Controllers design and accompany the management process of defining goals, planning and controlling and thus have a joint responsibility to reach the objectives.
Controller's mission
This means:
- Controllers ensure the transparency of business results, finance, processes and strategy and thus contribute to higher economic effectiveness.
- Controllers co-ordinate secondary goals and the related plans in a holistic way and organise a reporting-system which is future-oriented and covers the enterprise as a whole.
- Controllers moderate and design the controlling process of defining goals, planning and management control so that every decision maker can act in accordance with agreed objectives.
- Controllers provide managers with all necessary company management data and information
- Controllers develop and maintain controlling systems.
Controller and controlling
Controlling means steering or regulating, i.e. leading to the practical achievement of the agreed objectives.
A controller ensures that everyone has the possibility of controlling themselves within the framework of the elaborated goals and plans.
The figure with intersecting circles illustrates the division of tasks and roles between a manager and a controller in a team.

Managers carry out the task and controllers provide for the transparency of the economic result. Thus it is clear that it is not only controllers who perform the controlling.
Controlling as a process and mental attitude is represented by the intersecting part of the circles. It constitutes the result of the cooperation of a manager and a controller in a team (controlling as applied business management)
An enterprise needs to find its way to the clients all over the world –offering products and services that are in demand.

The parts of the pie chart below represent three sectors.
The letter G stands for growth. Is that what we are doing growing? Does it remain constant, is it dwindling?
D symbolises development. Enterprise as a learning and developing system. Thus the letter D is placed on the very top.
How can we better solve clients’ problems that occur today and will occur in the immediate and distant future? Apart from G and D, also “P” must be included.
P stands for profit and symbolises well-being of the enterprise.

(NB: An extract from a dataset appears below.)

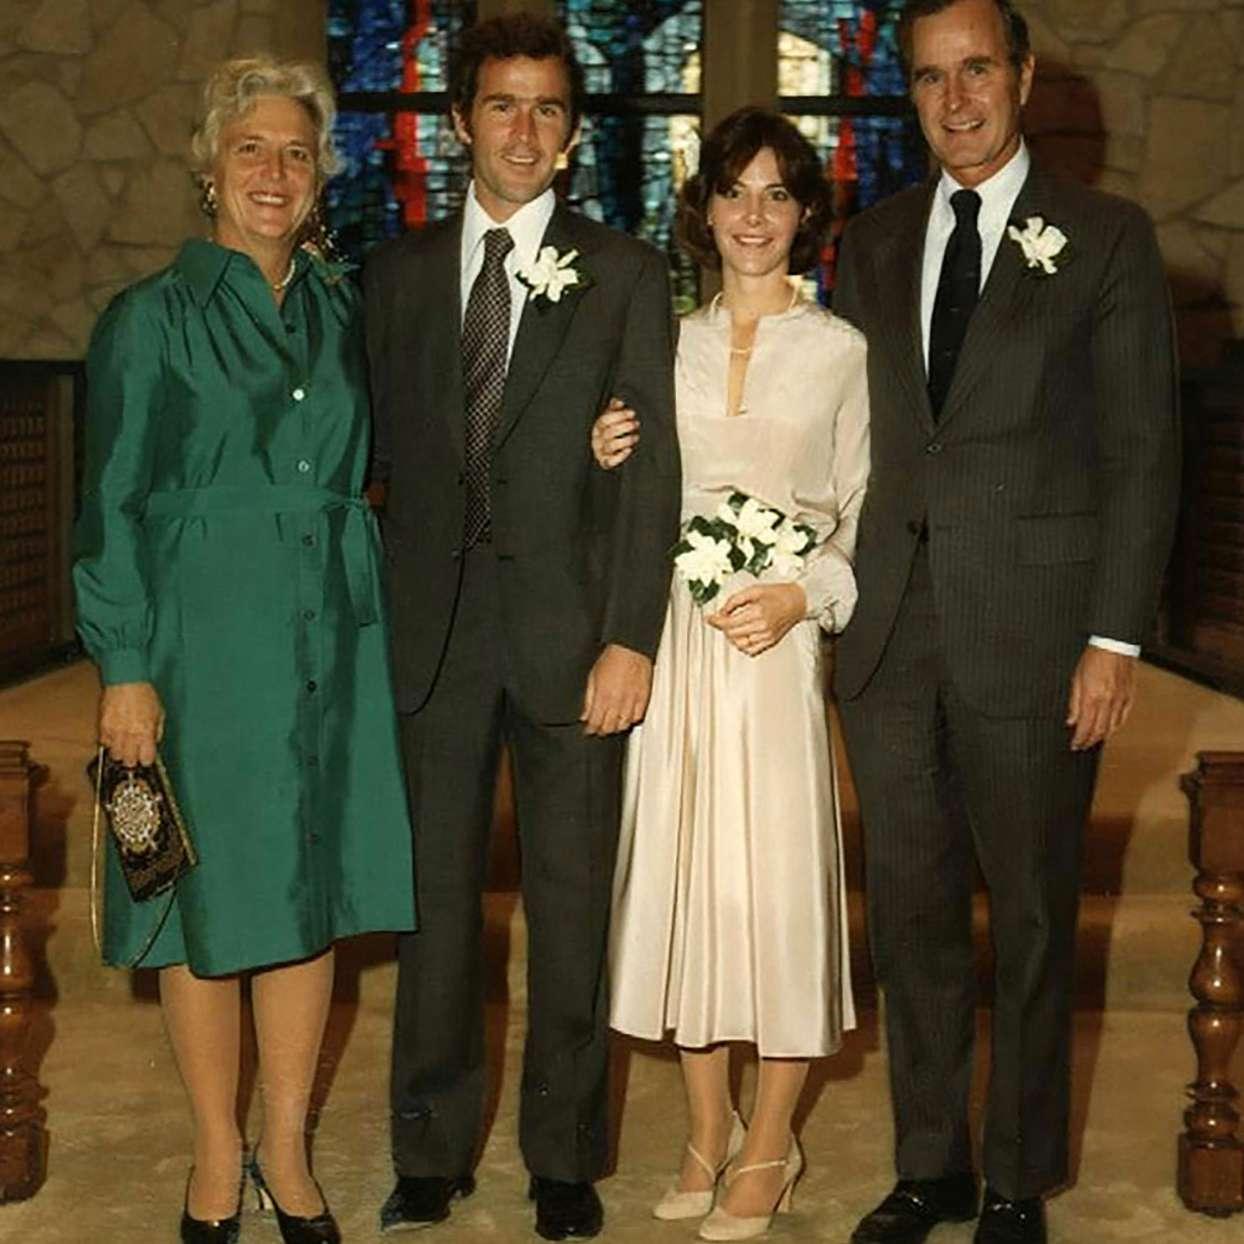 George W. Bush and Laura Wedding

In order to achieve economic success one has to count. The budget structure is generated by the accountancy symbolised by the chart.
On the right track
The GDP abbreviation illustrates the most important aspects of business planning.
"Doing the right thing" is the strategic aspect of planning.

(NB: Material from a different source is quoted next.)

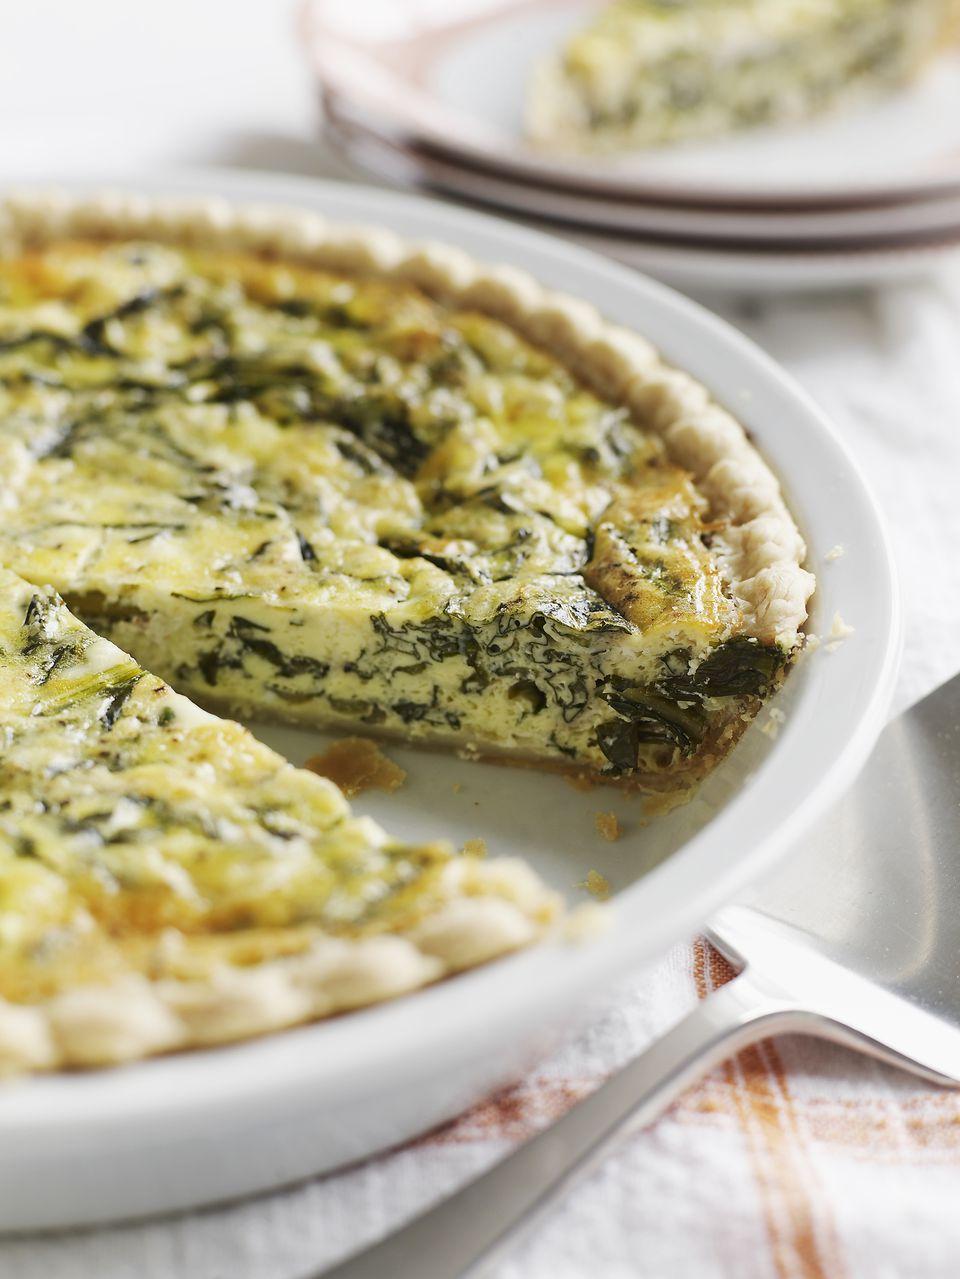 Gluten-free spinach quiche

"Doing things right" means the operative efficiency which is reflected in figures.
A person acting as a controller has to show holistic judgement during the process of methodically monitoring the management.
The job of a controller
The job of a controller encompasses methodology and procedures. Methods are derived from accountancy and planning, procedures include leadership and goals. The methodology includes the document management technique. You can only be in the know when you know how to define your vision. With information you will manage!
This means planning in writing in order to:
- analyse better and complete the course of thoughts,
- communicate systematically with other departments and employees to jointly take actions,
- systematically get access to feedback organisation and find a way of learning on the basis of variations,
- commit oneself and be aware of how it works.

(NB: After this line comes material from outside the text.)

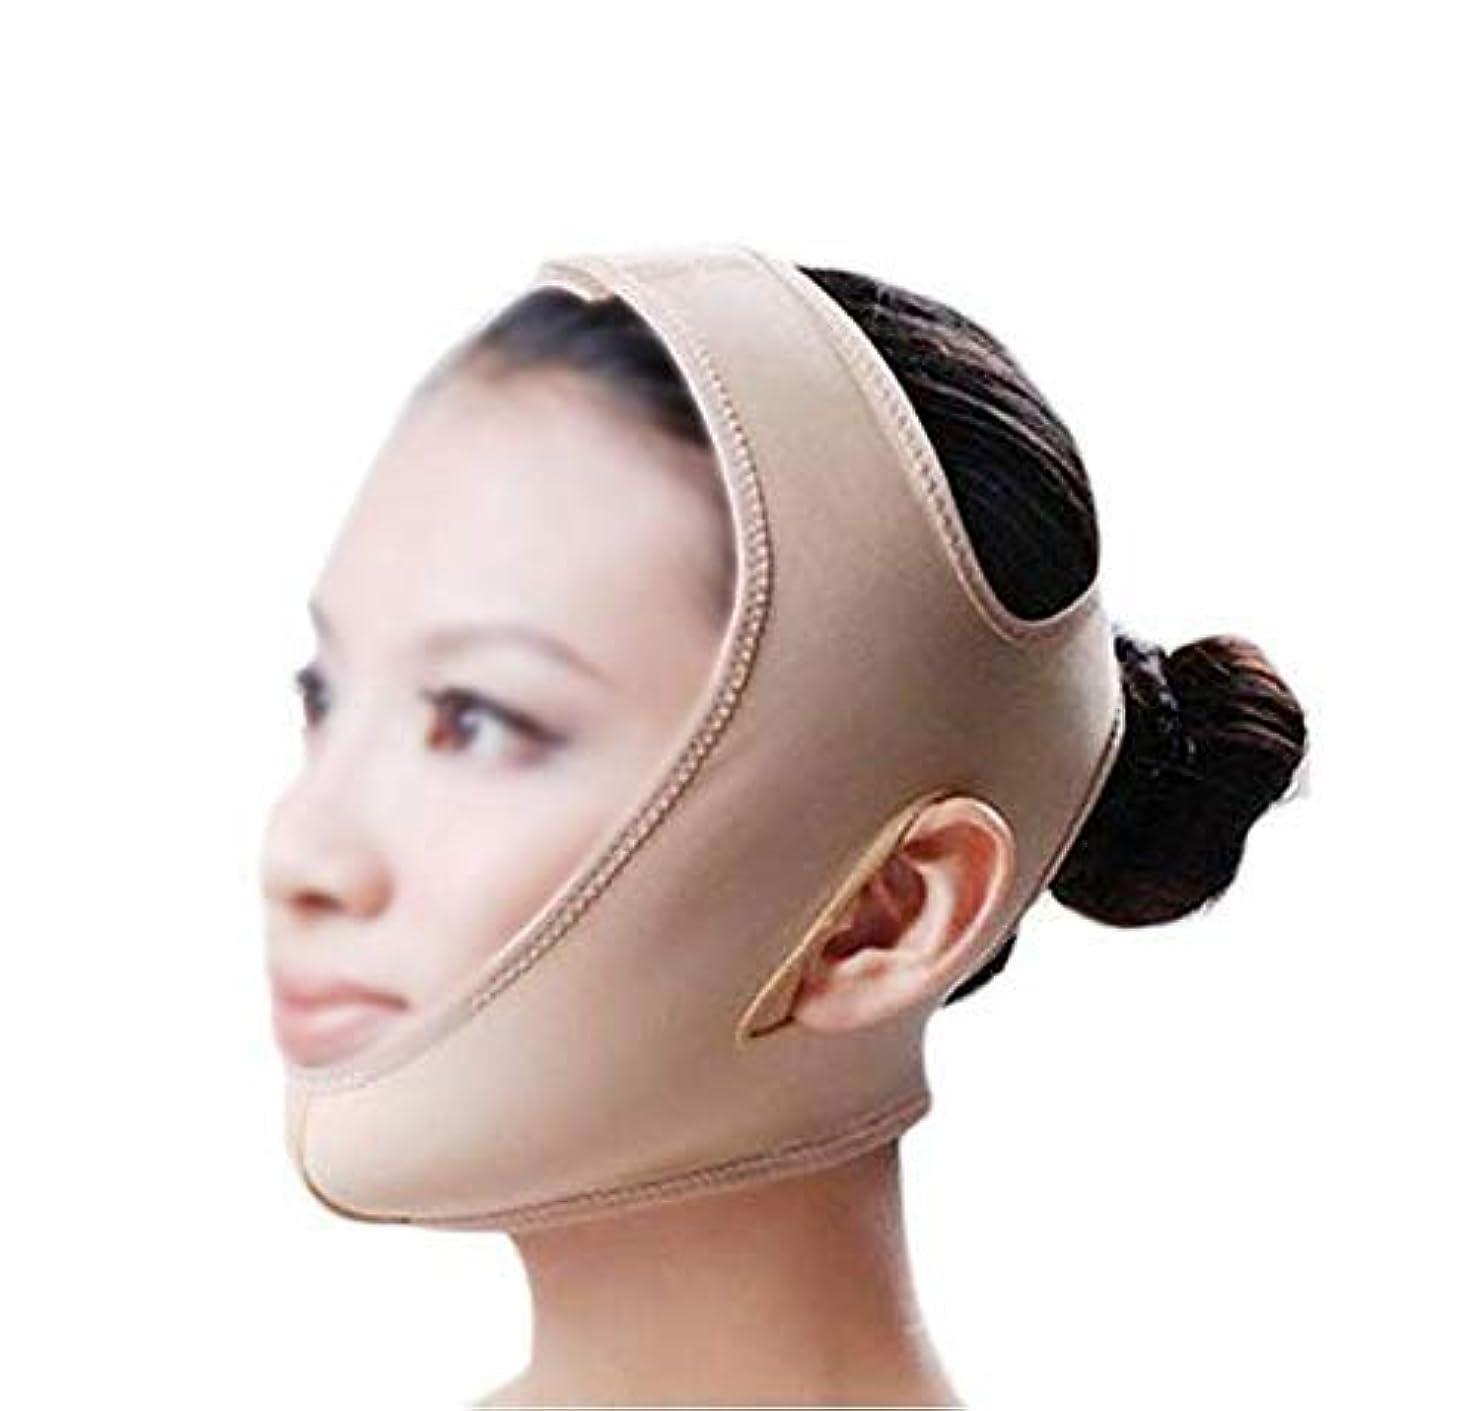 支援する損傷ミュウミュウファーミングフェイスマスク、マスクフェイスマスク美容医学フェイスマスク美容Vフェイス包帯ライン彫刻リフティングファーミングダブルチンマスク(サイズ:S),Xl

It follows from the above that the work of a controller requires the knowledge of certain ways of conduct. How to convince the manager/client of what the aims of controlling as a methodology are?
A controller needs to maintain an interrogative approach initiating a subject-focused interaction in order to ensure that controlling is not perceived as control. The subject would be the problem that has to be solved.
Nevertheless, it should be action-oriented, not aimed at coming to terms with the past and not “internally-oriented” in the meaning of acting together, that is team-based.
Controllers are authorised to provide counselling without being asked to do so. This encompasses home visits and the “bring principle”, even though a reference to the know-how and know-who developed by the Internationaler Controller Verein (ICV) is required.